Description: A weak universe is closed under transposition. (Contributed by Mario Carneiro, 12-Jan-2017)

Ref Expression
Hypotheses wun0.1 
|- ( ph -> U e. WUni )
wunop.2 
|- ( ph -> A e. U )
Assertion wuntpos 
|- ( ph -> tpos A e. U )

Proof

Step Hyp Ref Expression
1 wun0.1 
 |-  ( ph -> U e. WUni )
2 wunop.2 
 |-  ( ph -> A e. U )
3 1 2 wundm 
 |-  ( ph -> dom A e.

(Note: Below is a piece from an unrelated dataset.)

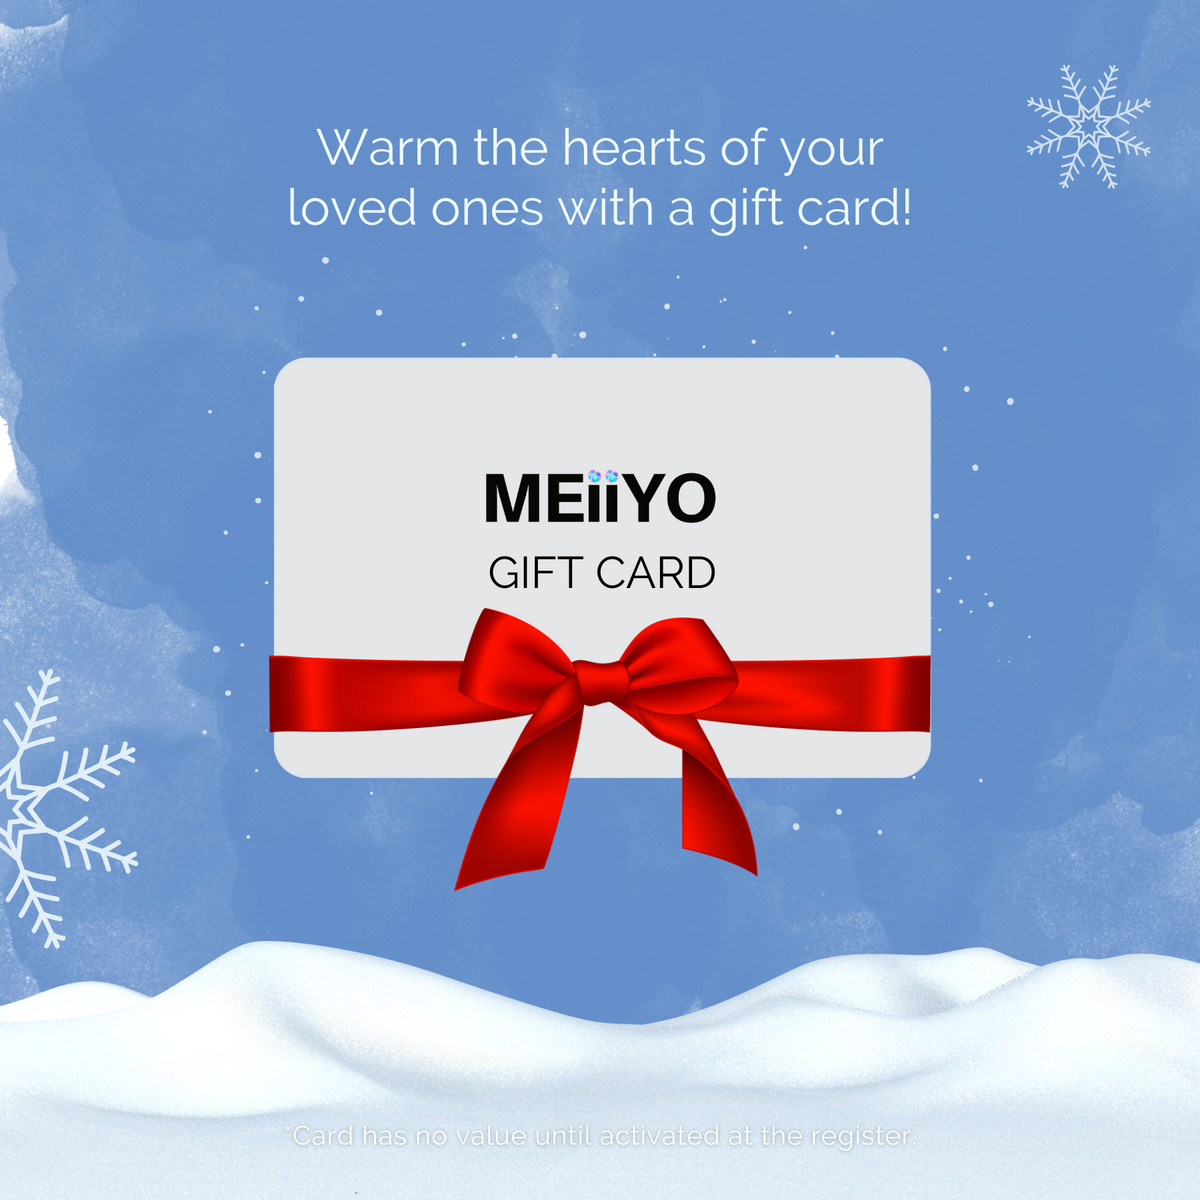 MEiiYO Gift Card

U )
4 1 3 wuncnv 
 |-  ( ph -> `' dom A e. U )
5 1 wun0 
 |-  ( ph -> (/) e. U )
6 1 5 wunsn 
 |-  ( ph -> { (/) } e. U )
7 1 4 6 wunun 
 |-  ( ph -> ( `' dom A u. { (/) } ) e. U )
8 1 2 wunrn 
 |-  ( ph -> ran A e. U )
9 1 7 8 wunxp 
 |-  ( ph -> ( ( `' dom A u. { (/) } ) X. ran A ) e. U )
10 tposssxp 
 |-  tpos A C_ ( ( `' dom A u. { (/) } ) X. ran A )
11 10 a1i 
 |-  ( ph -> tpos A C_ ( ( `' dom A u. { (/) } ) X. ran A ) )
12 1 9 11 wunss 
 |-  ( ph -> tpos A e. U )